Notice the → #7 in each sequence. When exploitation of a parser bug leads to code execution, we record both steps: the exploitation (#2 or #3) and the FEC execution (#7). This is TLCTC's R-EXEC rule—FEC execution must always be recorded as its own step.

Why Extension Blocklists Can Never Be Complete

This brings us to the fundamental problem with extension-based blocklists.

For FEC-capable formats, an exhaustive list is theoretically possible. There are a finite number of file formats with designed execution capability. We can enumerate them:

.exe .dll .ps1 .bat .cmd .vbs .js .wsf .hta .msi .jar .docm .xlsm .pptm ...

For data formats, exhaustive enumeration is impossible. Any file that gets parsed can potentially exploit a parser vulnerability. This includes every image, audio, video, font, document, archive, and serialization format—plus every proprietary format you've never heard of.

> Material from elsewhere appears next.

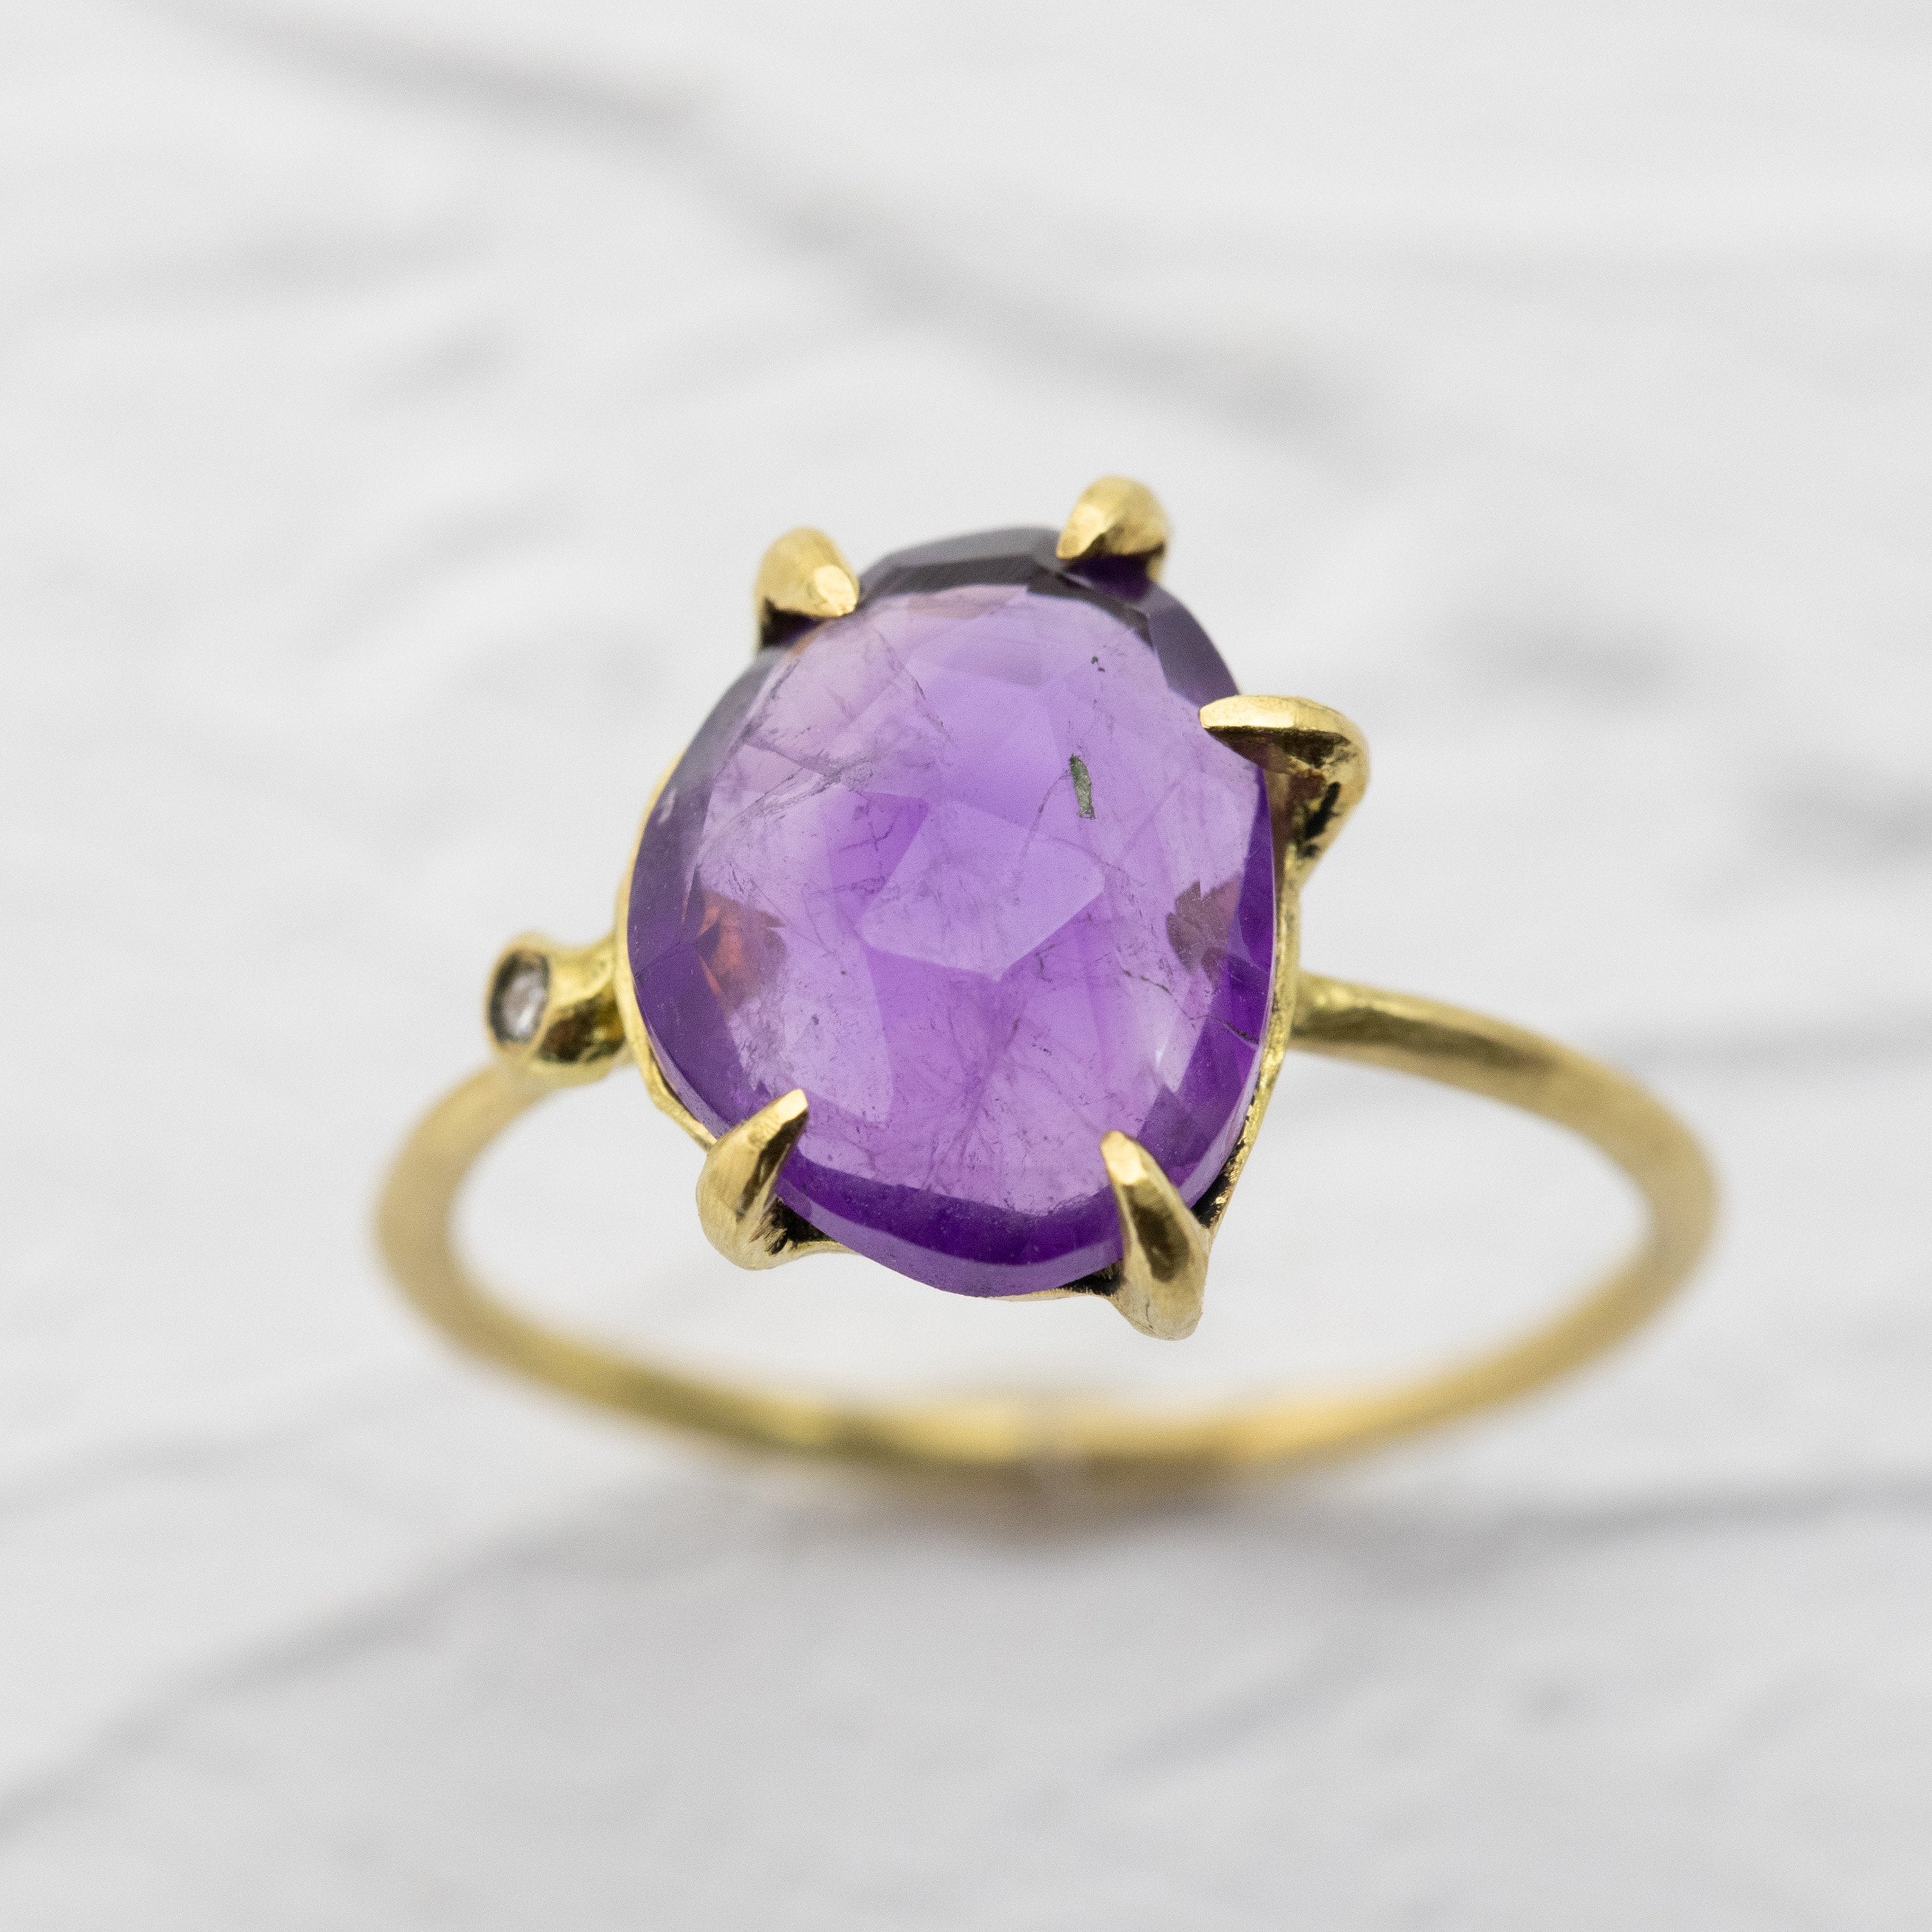 Amethyst Ring with Diamond Accent (18k)

The Proprietary Format Problem

Your organization probably handles file types that appear on no blocklist anywhere. Proprietary CAD formats, industry-specific data files, legacy document types, custom configuration files. Every one of these has a parser. Every parser can have bugs. No blocklist will ever include .xyz-proprietary-format until after it's been exploited in the wild.

The MIME Type Dimension

File extensions are unreliable indicators anyway. What matters is how systems actually process files, which is often determined by MIME types (Content-Type headers) rather than extensions.

MIME Type Pattern	Nature	TLCTC Implication
application/x-executable	Native executable	FEC by design → #7
text/x-script.*	Script files	FEC by design → #7
application/vnd.ms-* (macros)	Office with macros	FEC by design → #7
image/*	Image data	Data → #2/#3 if exploited
application/json	Structured data	Data → #2/#3 if exploited

Practical Control Implications

For FEC-Capable Formats: Block or Sandbox Execution

These formats are dangerous by design. Controls focus on preventing or containing execution (Email Gateways, App Allowlisting, Script Policies, Protected View). The control question is: "Should this code be allowed to run?"

For Data Formats: Patch Parsers, Sandbox Processing

These formats are safe when processed by correct implementations. Controls focus on patching parsers, sandboxing, and memory safety. The control question is: "Is my parser implementation safe?"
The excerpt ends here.